Copy out every line from the records that includes "Women".

(Entries taken from a collection)
===

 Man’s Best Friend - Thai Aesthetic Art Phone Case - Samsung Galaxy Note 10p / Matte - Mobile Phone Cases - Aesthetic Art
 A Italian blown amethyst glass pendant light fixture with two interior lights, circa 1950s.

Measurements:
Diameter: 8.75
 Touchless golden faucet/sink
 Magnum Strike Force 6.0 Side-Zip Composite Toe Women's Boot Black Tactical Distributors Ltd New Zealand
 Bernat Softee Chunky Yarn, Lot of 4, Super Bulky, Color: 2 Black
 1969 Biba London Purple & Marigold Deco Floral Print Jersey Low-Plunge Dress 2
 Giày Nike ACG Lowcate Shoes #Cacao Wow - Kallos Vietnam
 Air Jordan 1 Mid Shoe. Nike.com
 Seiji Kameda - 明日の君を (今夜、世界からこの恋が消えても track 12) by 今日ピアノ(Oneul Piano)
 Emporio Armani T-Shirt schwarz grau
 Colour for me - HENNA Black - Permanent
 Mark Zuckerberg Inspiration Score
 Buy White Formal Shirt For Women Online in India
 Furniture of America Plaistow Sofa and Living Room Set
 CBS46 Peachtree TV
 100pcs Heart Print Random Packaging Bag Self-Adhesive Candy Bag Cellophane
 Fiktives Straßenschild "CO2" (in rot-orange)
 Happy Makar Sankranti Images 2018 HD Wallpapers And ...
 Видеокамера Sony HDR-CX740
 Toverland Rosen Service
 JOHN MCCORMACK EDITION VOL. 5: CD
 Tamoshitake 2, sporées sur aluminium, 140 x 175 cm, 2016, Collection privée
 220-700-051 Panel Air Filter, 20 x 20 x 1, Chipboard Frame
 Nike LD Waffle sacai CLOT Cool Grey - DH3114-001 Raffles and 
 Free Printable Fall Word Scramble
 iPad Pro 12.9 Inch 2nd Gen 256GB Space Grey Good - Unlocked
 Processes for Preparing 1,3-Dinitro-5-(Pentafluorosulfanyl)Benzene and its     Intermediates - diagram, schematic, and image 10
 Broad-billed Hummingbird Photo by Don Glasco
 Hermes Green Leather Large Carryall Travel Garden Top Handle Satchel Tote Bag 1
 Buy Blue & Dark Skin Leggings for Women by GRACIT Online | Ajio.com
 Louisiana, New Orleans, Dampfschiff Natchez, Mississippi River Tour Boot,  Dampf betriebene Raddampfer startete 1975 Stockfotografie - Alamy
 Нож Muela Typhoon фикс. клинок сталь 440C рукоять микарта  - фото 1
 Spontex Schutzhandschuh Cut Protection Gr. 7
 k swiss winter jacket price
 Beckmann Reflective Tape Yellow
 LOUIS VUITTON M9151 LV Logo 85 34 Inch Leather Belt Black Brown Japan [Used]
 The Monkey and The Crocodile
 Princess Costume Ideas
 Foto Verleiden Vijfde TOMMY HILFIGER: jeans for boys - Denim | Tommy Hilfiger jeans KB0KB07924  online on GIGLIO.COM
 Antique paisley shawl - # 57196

===

**Answer space**:
 Magnum Strike Force 6.0 Side-Zip Composite Toe Women's Boot Black Tactical Distributors Ltd New Zealand
 Buy White Formal Shirt For Women Online in India
 Buy Blue & Dark Skin Leggings for Women by GRACIT Online | Ajio.com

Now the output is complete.